Activity:
Every line from the one containing "The Gross Net" through the end of the listing below goes in the output, exactly and without pictures.

Recorded information:
• • •

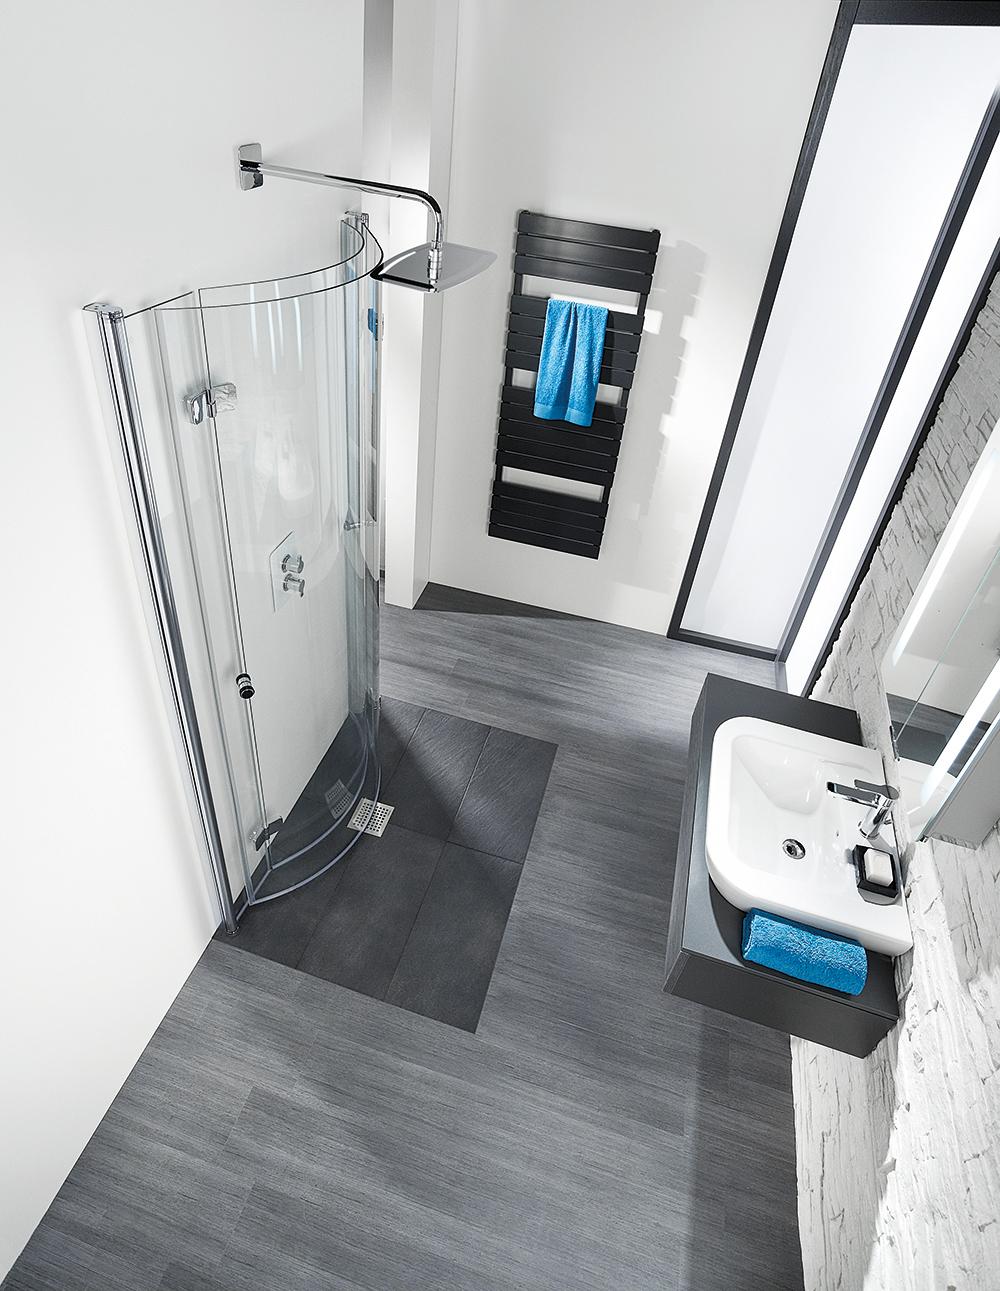 badsanierung berlin sanierung bad berlin b dersanierung. Black Bedroom Furniture Sets. Home Design Ideas
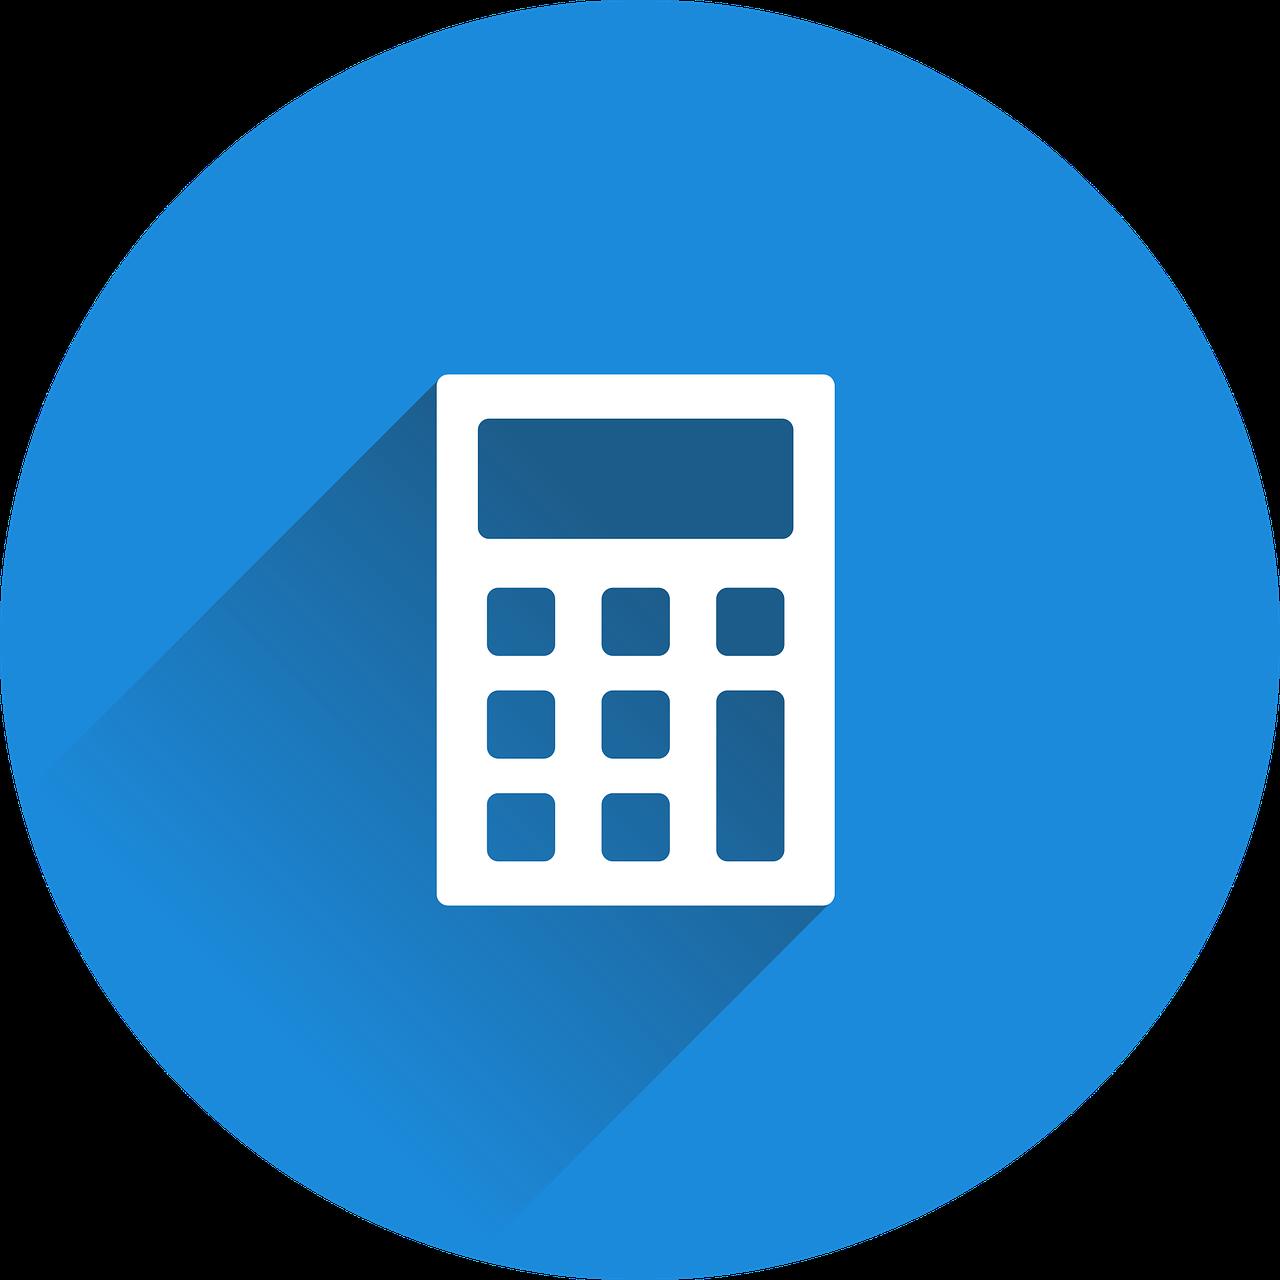 The Gross Net Wage Calculator for Switzerland
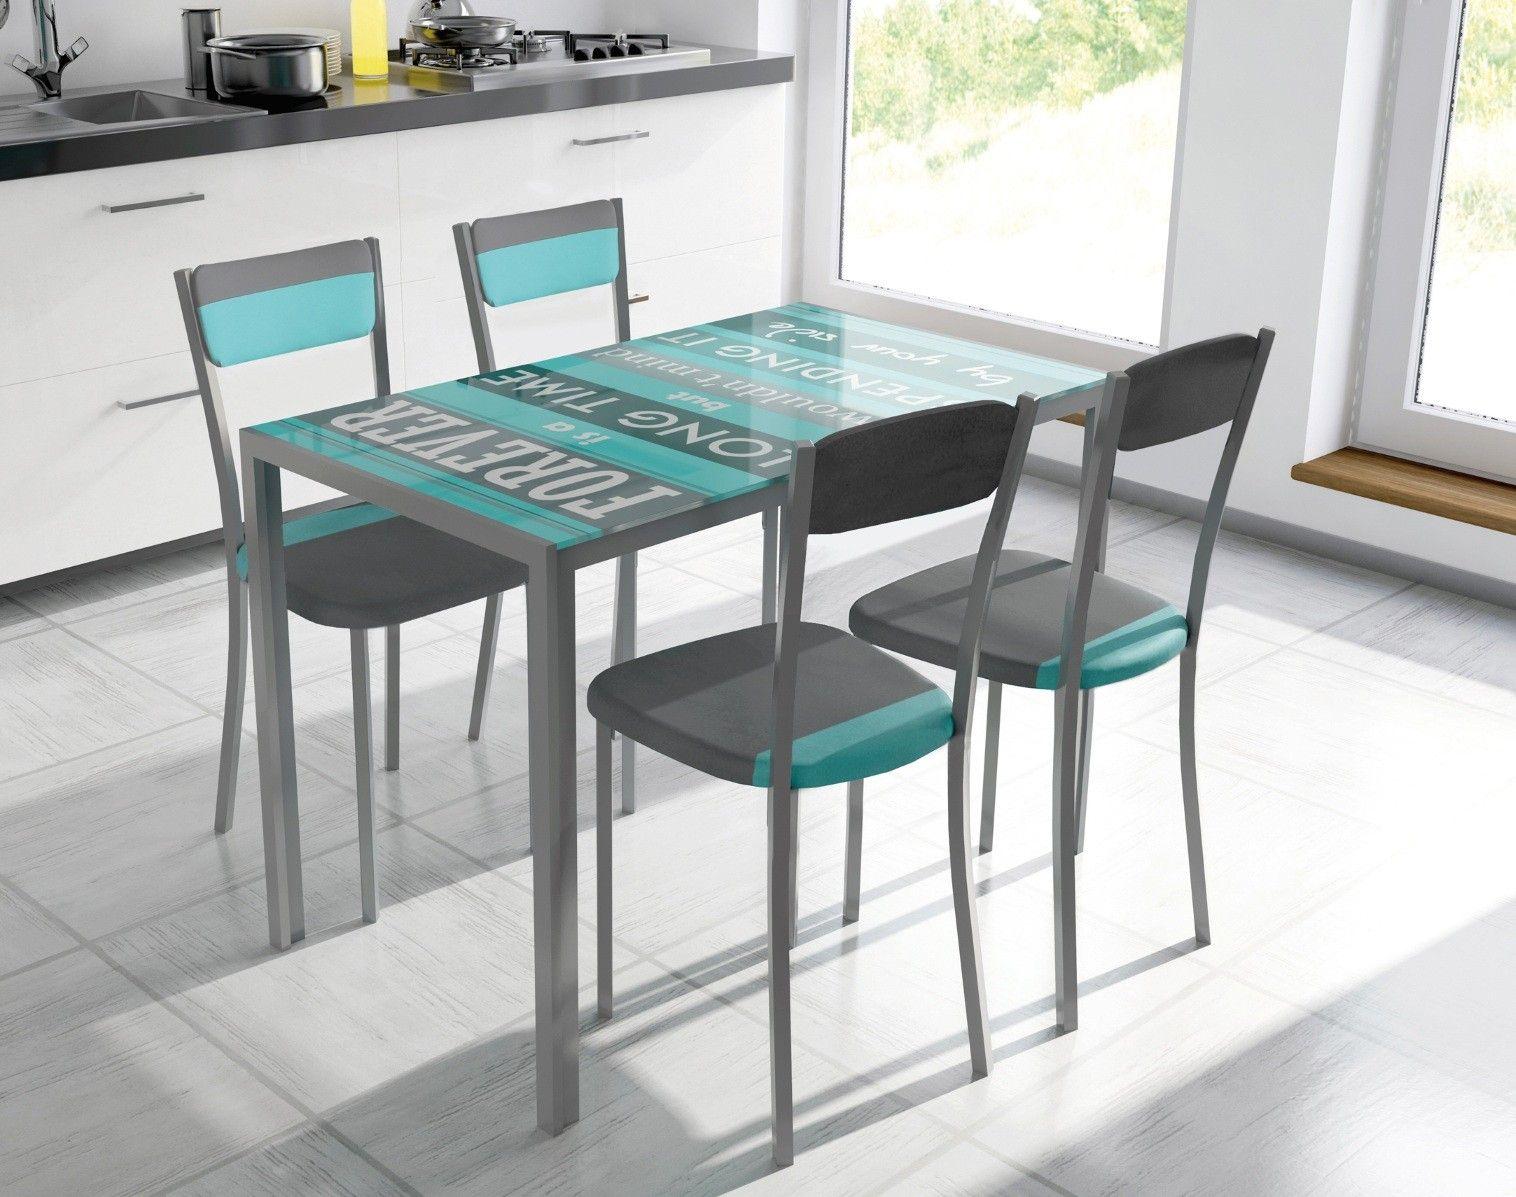 Conjunto de mesa metálica, con tapa de cristal con dibujo impreso ...

• • •

Written answer:
 The Gross Net Wage Calculator for Switzerland
 Conjunto de mesa metálica, con tapa de cristal con dibujo impreso ...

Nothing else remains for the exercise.